And yet, after ten years of chronology at Time and The New Yorker, McPhee, who is famous for his intricate structures and says he is obsessed with structure, yearned for a thematically dominated piece. In his new essay, “Structure” (Jan. 14, 2013), he says almost always there is “considerable tension” between chronology and theme, and chronology wins. “The narrative wants to move from point to point through time, while topics that have arisen now and again across someone’s life cry out to be collected.”

You must, he says, find some way to “tuck them in.” In the case of his 1969 profile of an art historian, he was frustrated by how hostile chronology was to content, or what McPhee calls themes: “the theme of forgery was scattered all over the chronology of his life.” McPhee realized something: “A piece of writing about a single person could be presented as any number of discrete portraits, each distinct from the others and thematic in character, leaving the chronology of the subject’s life to look after itself.”

McPheeArt

McPhee’s drawing of the structure of “Travels in Georgia”
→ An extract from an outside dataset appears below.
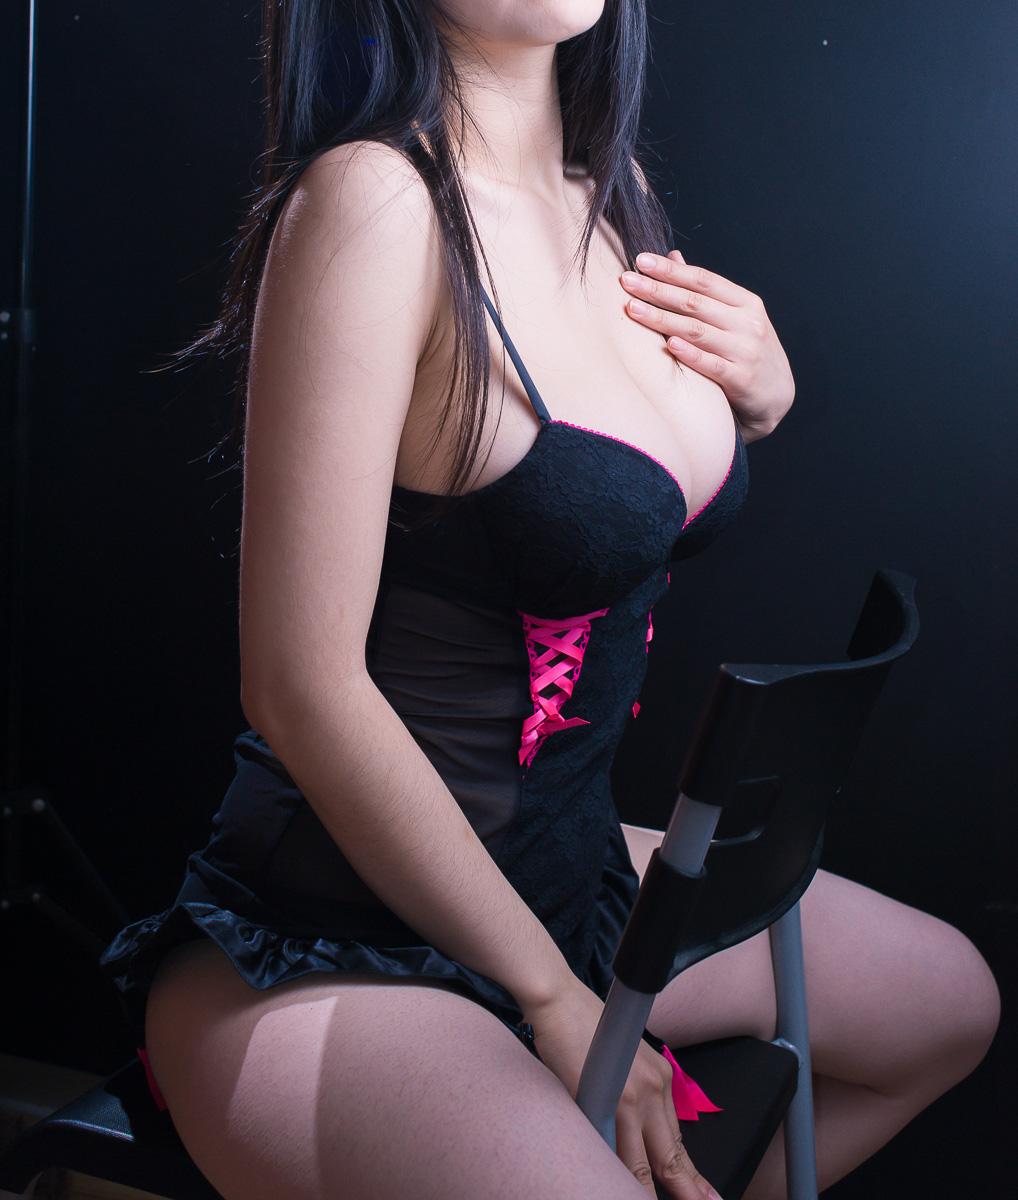 Asian-Model-Jasmine-Lee-Big-Boobs-www.ohfree.net-007 Sexy Asian Model Jasmine Lee Topless Show Big Boobs Photos
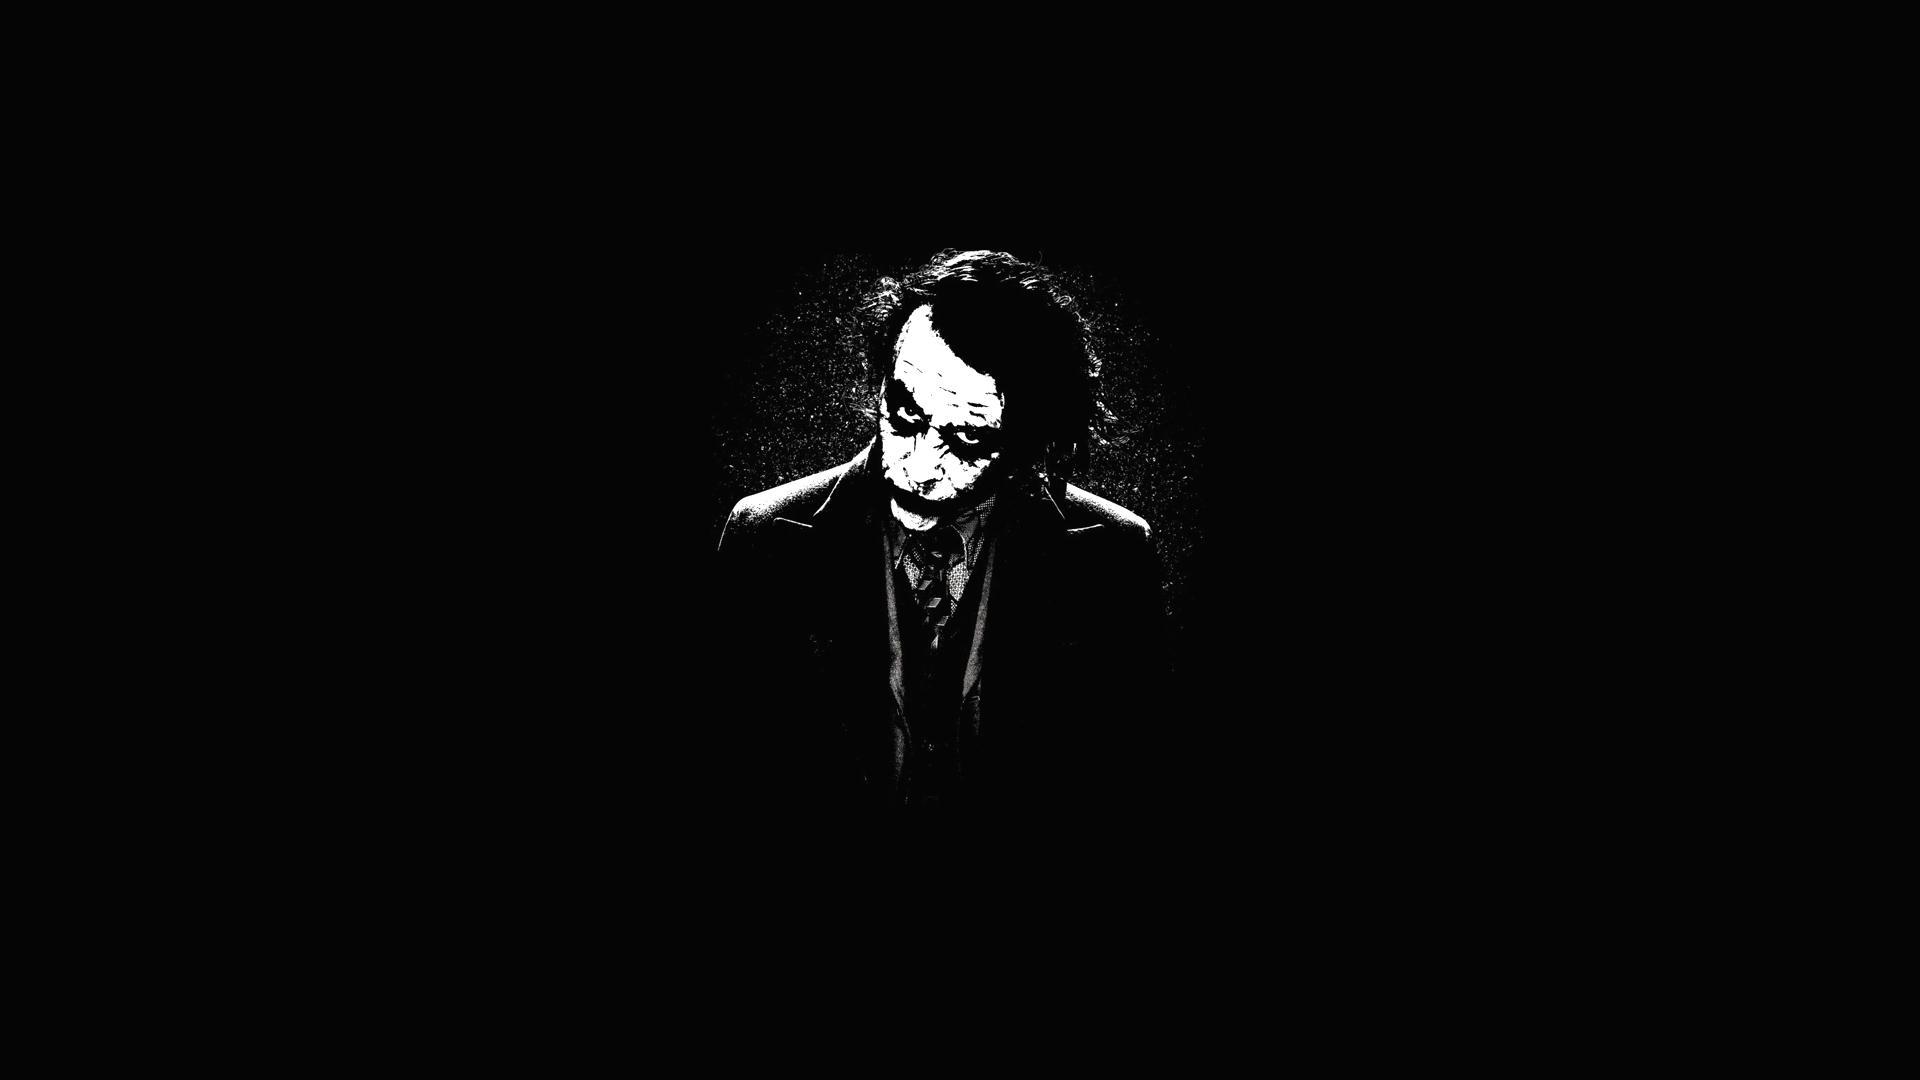 The dark knight Joker Batman Anime Dark HD Wallpapers, Desktop

McPhee returned to chronology, more or less, for his famous 1973 article “Travels in Georgia,” about a team of biologists collecting road-killed animals and sometimes eating them. It opens with scene not on day one but later, and after that proceeds chronologically: “There are structural alternatives, but for the story of a journey they can be unpromising and confusing when compared with a structure that is chronologically controlled.”

I remember “Travels” also employing a huge flashback section later on that supplies background on its subjects at one’s Atlanta redoubt. But I may be wrong, from faulty memory or because, if you try to trace the biologists’ route across Georgia as presented in the story, it moves confusingly. They ping-pong from one corner of the state to another and—if you are trying to pinpoint their location—seem to make puzzling jumps. Once, about two years ago, after I thought I had its structure figured out, I tried to lead a class through it using a Georgia map and McPhee’s pretty but odd drawing, and we all became perplexed.

McPhee always lets the reader know where the actors are in “Travels in Georgia” but does not ensure the reader knows how they got there, which maybe isn’t important. Most readers go with the flow and aren’t ex-Georgians like me. Yet anyone trying to follow McPhee’s structural diagram while reading the piece may conclude its structure is too clever by half, however great the article—and it is wonderful.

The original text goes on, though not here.